As is expected of a steakhouse, the focal point of the menu is steak, although Mario Batali’s Carnevino has clearly gone the extra mile, and shown its Italian inflection by offering a large and creative selection of raw, cold and hot starters. To start, the octopus with limoncello and chilli is braised to achieve optimum tenderness, as well as flavour, which is deep, earthy and rich, with just a hint of a spice kick from the chilli. Another starter, the carne cruda alla Piedmontese, better known as a steak tartar, is chopped rather fine, rendering it a soft, paste-like texture that spreads a little too easily on the crostini with which it is served. The capers and pickled mushrooms on top give the dish some respite and balance in both texture and flavour. Staying with meats, the steak options for the main course will delight the carnivorous gourmand with specialities such as dry-aged and grass-fed steaks. The 18-ounce dry-aged New York strip is aged for a minimum of 70 days, which gives it its gratifying savoury pang, akin to Parmesan cheese, and its chewier texture. To finish, the desserts are simple yet done well, such as the cherry apple turnover with pecan ice-cream. The turnover is a hot, crispy and slightly tart pocket of joy, especially when smothered with the cool, nutty goodness of the ice-cream.

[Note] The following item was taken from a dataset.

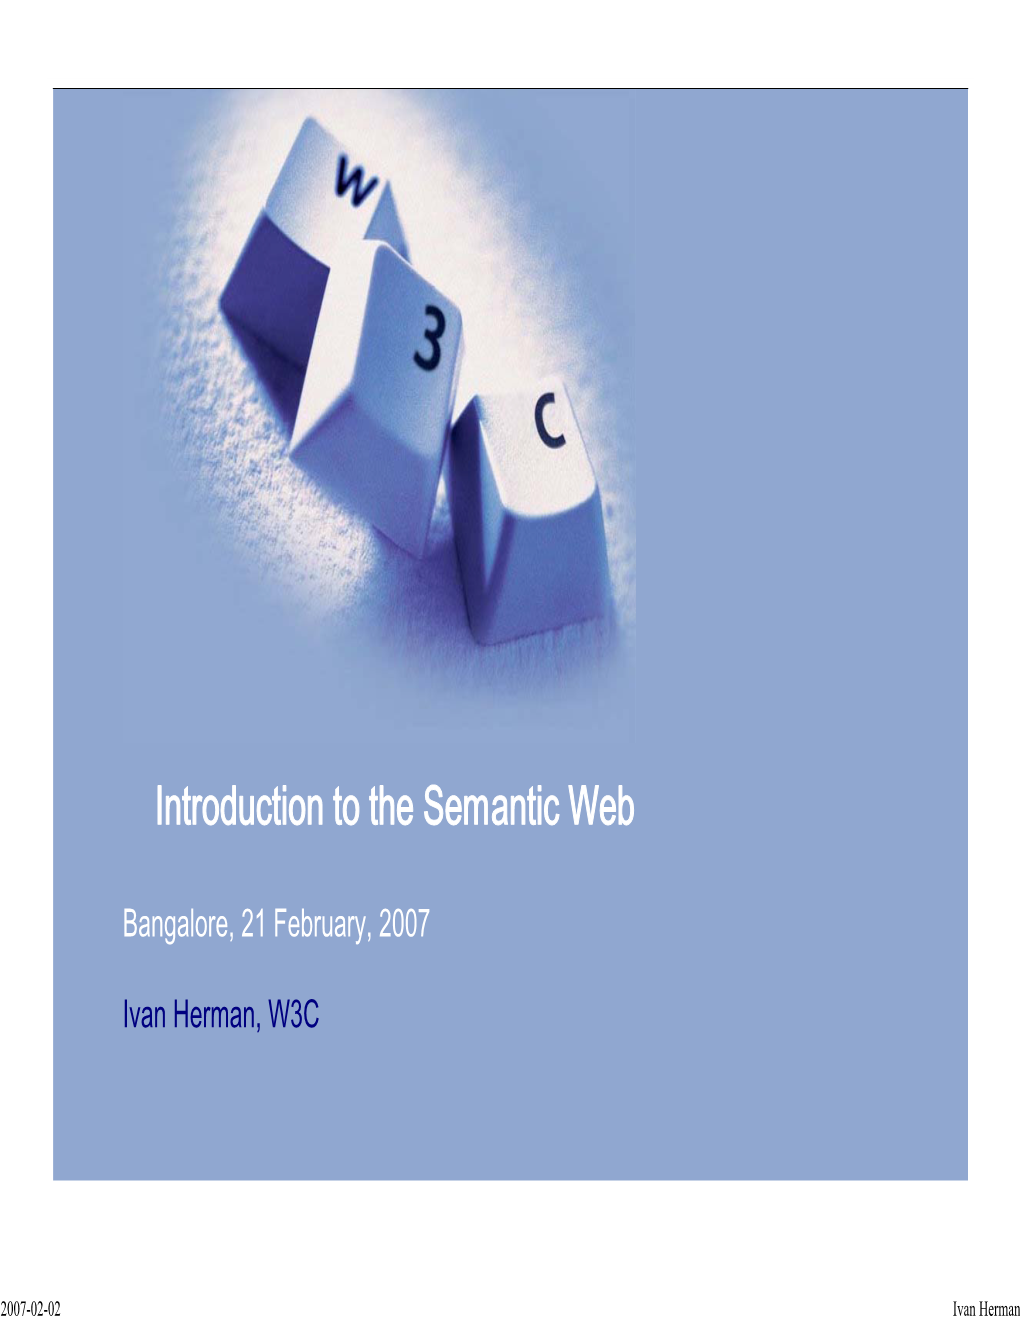 Tutorial on Semantic Web Technologies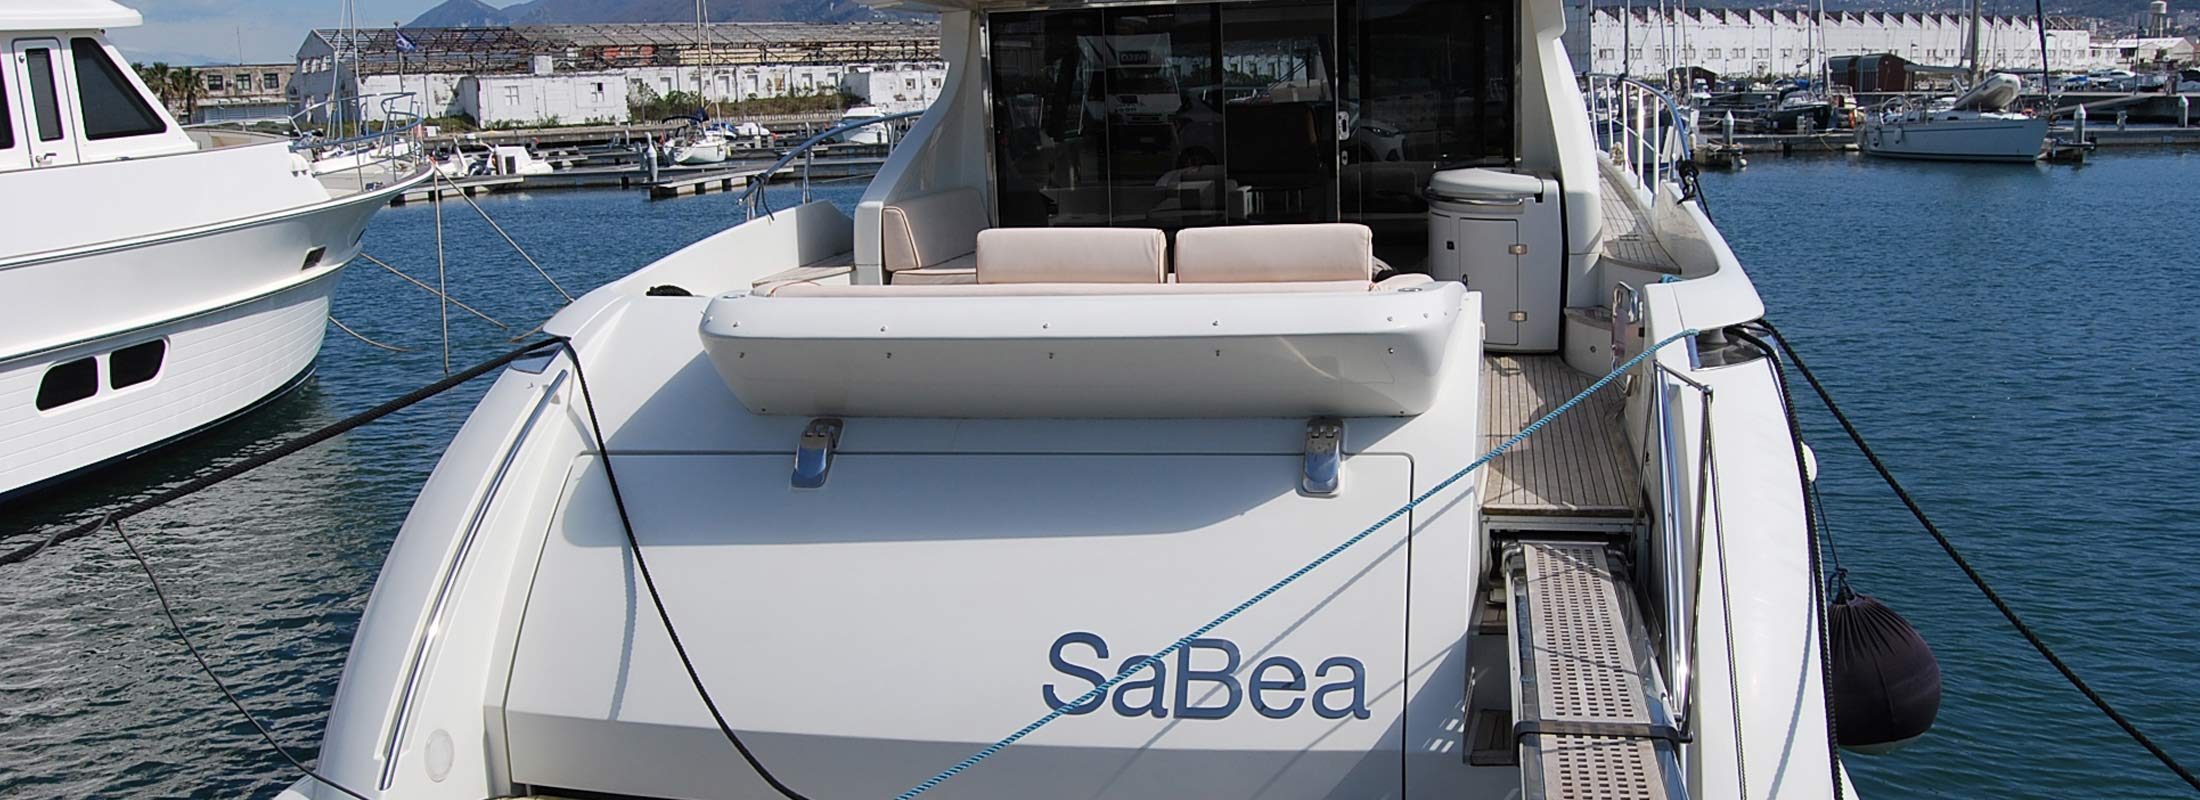 Sabea Motor Yacht for Charter Mediterranean slider 2

The wine list is extensive and varied, with selections from Italy, France, Australia and the US. As an Italian-influenced steakhouse, it is natural that Italian wines feature extensively. Aside from sparkling wines, which are offered by the glass, more than a dozen wines are offered by “quartino” (250ml).
The staff are swift, polite and well-paced, giving the dining room an air of professionalism. The team is clearly working comfortably and in harmony. Explanations and suggestions are offered graciously and without hesitation.
A meal for two with wine costs about HK$2,500, which is decent value considering its Mario Batali brand name and location.